What to do:
Your copy of the data should match it exactly, leaving out only the pictures.

Dataset content:
::::

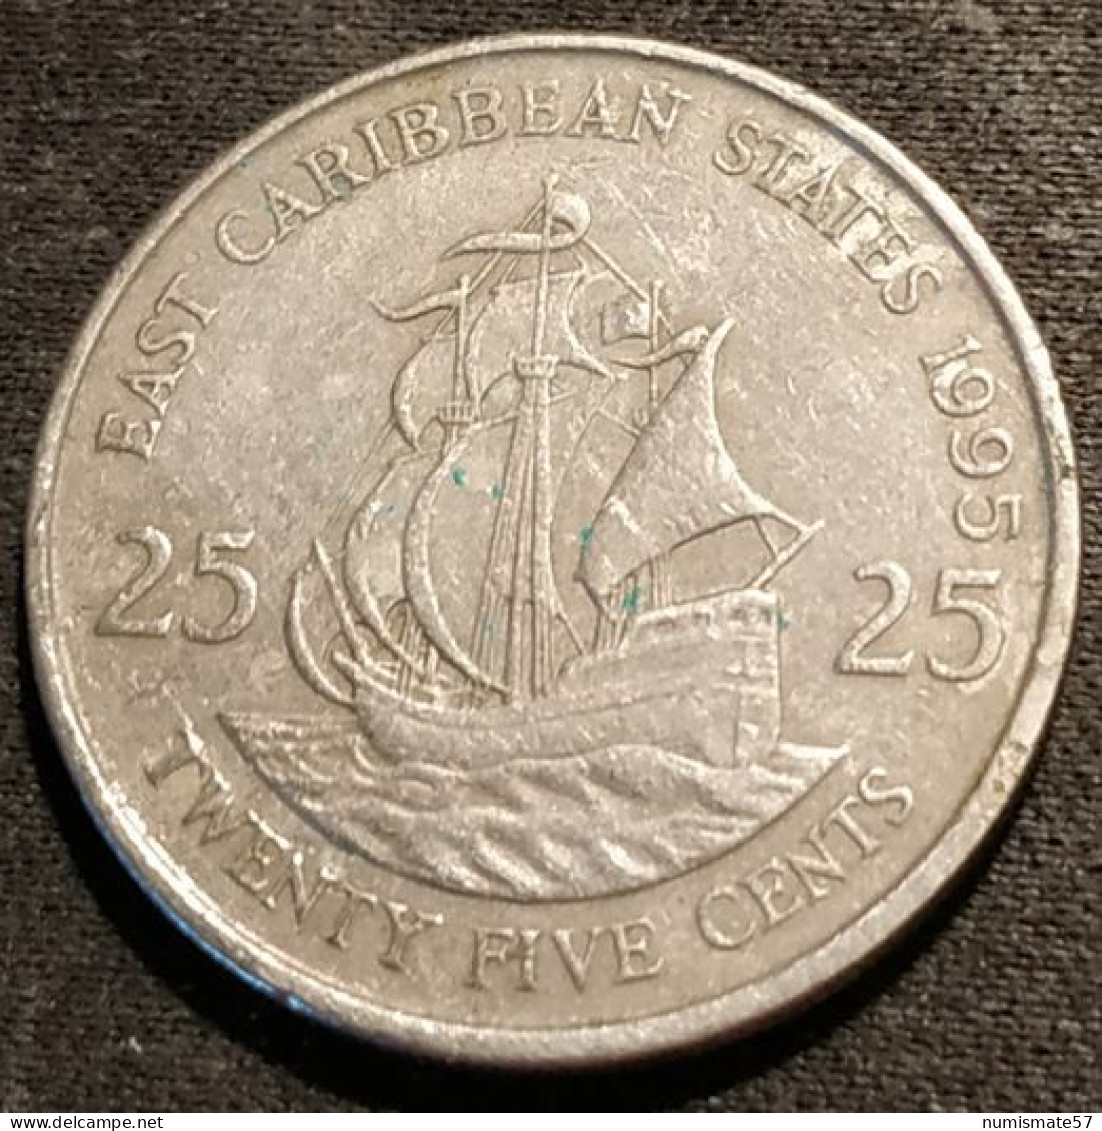 EAST CARIBBEAN STATES - 25 CENTS 1995 - Elizabeth II - 2e Effigie - KM 14 - ( Caraibes ) - Caraïbes Orientales (Etats Des)
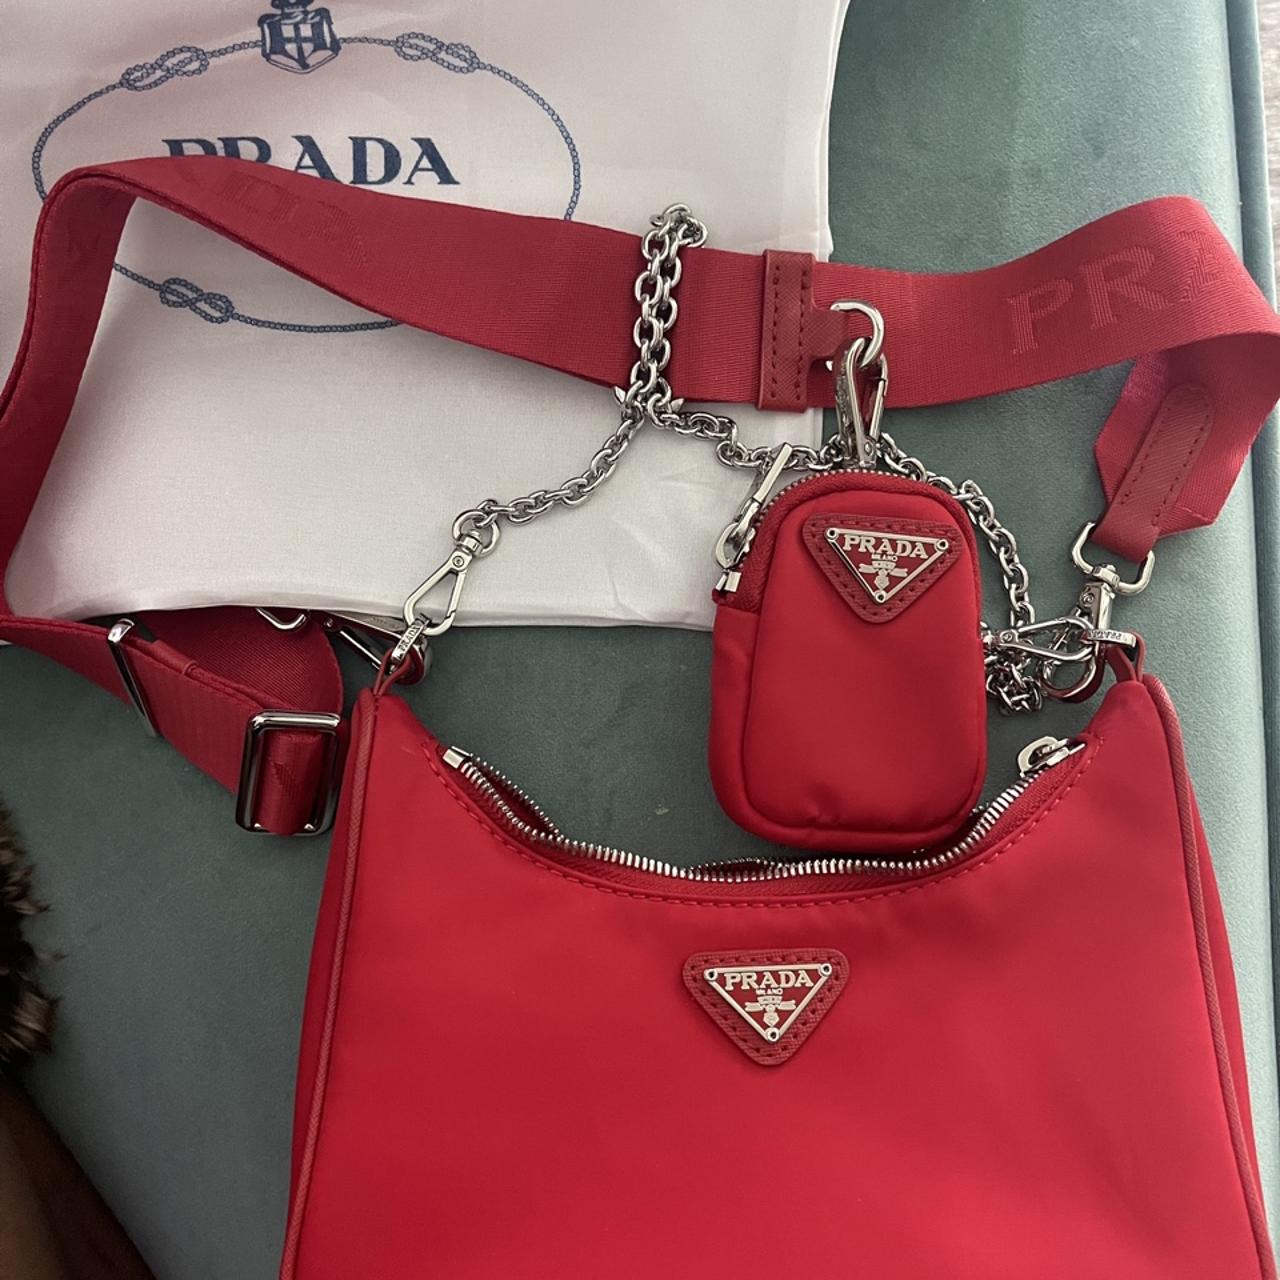 Replica Prada Cahier Astrology bag! This bag is sooo - Depop
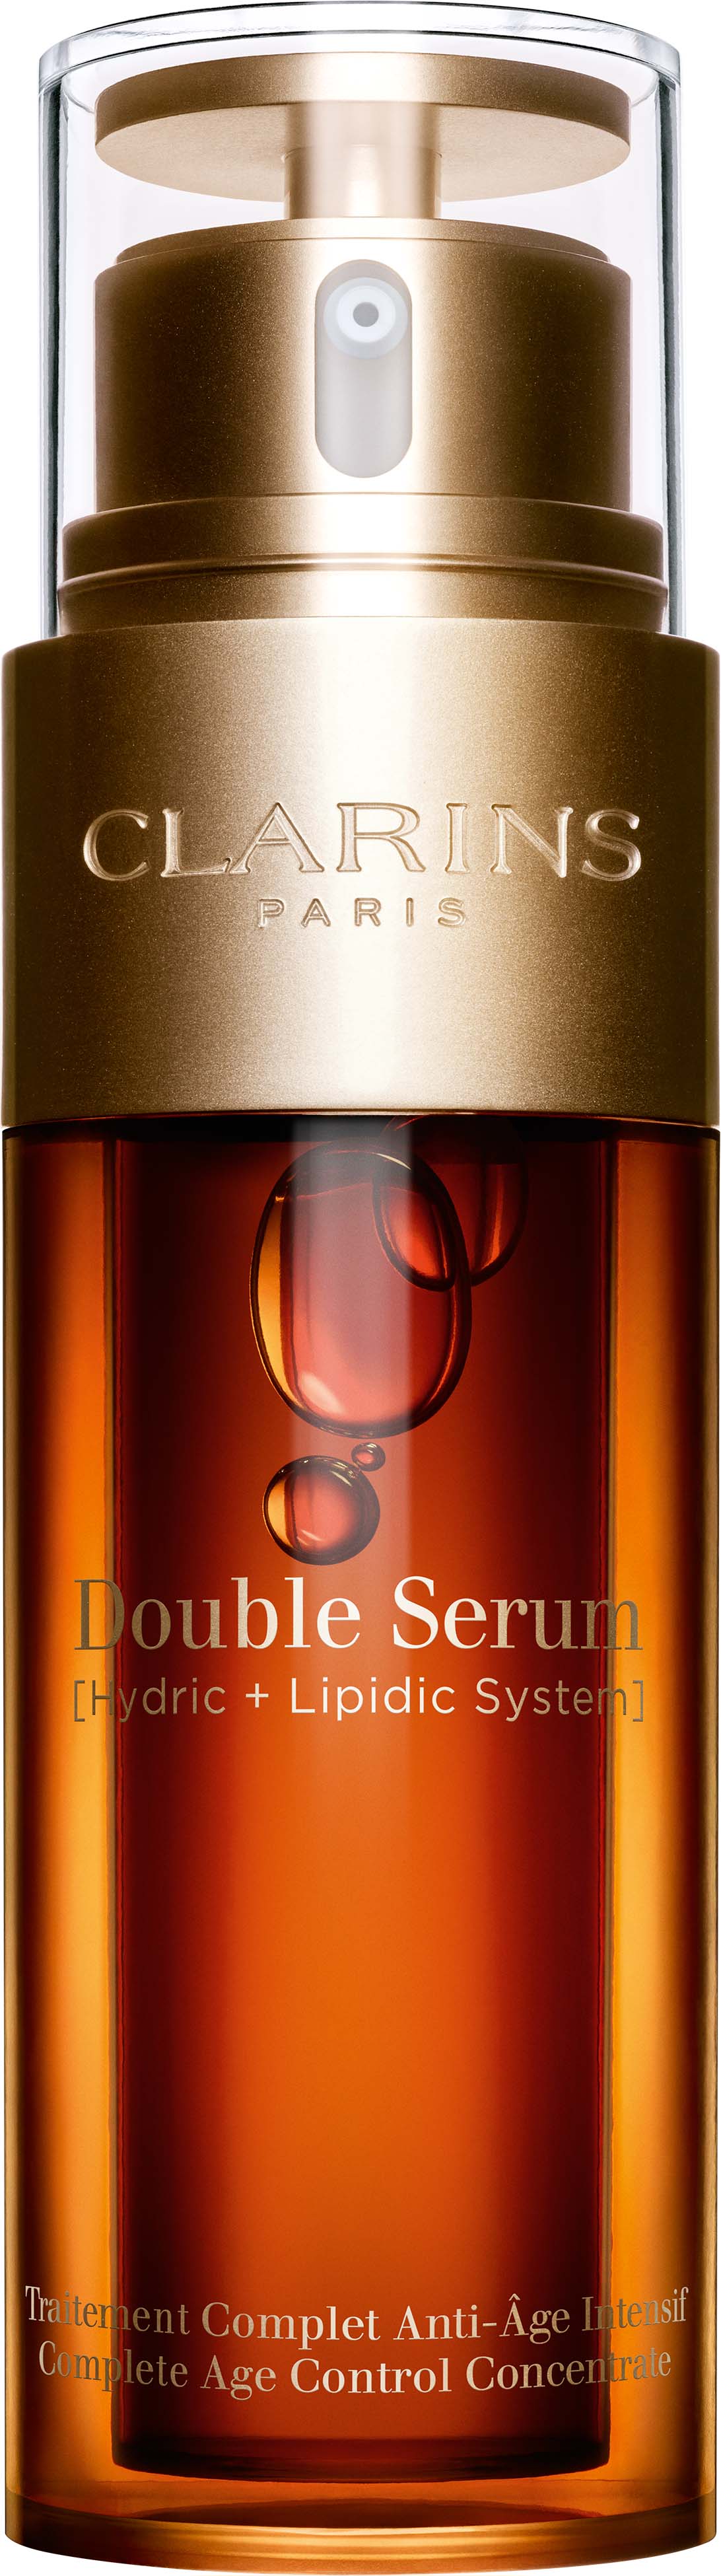 Clarins Double Serum kozmetika szett V. | penzugydrukker.hu

::::

Task output:
 EAST CARIBBEAN STATES - 25 CENTS 1995 - Elizabeth II - 2e Effigie - KM 14 - ( Caraibes ) - Caraïbes Orientales (Etats Des)
 Replica Prada Cahier Astrology bag! This bag is sooo - Depop
 Clarins Double Serum kozmetika szett V. | penzugydrukker.hu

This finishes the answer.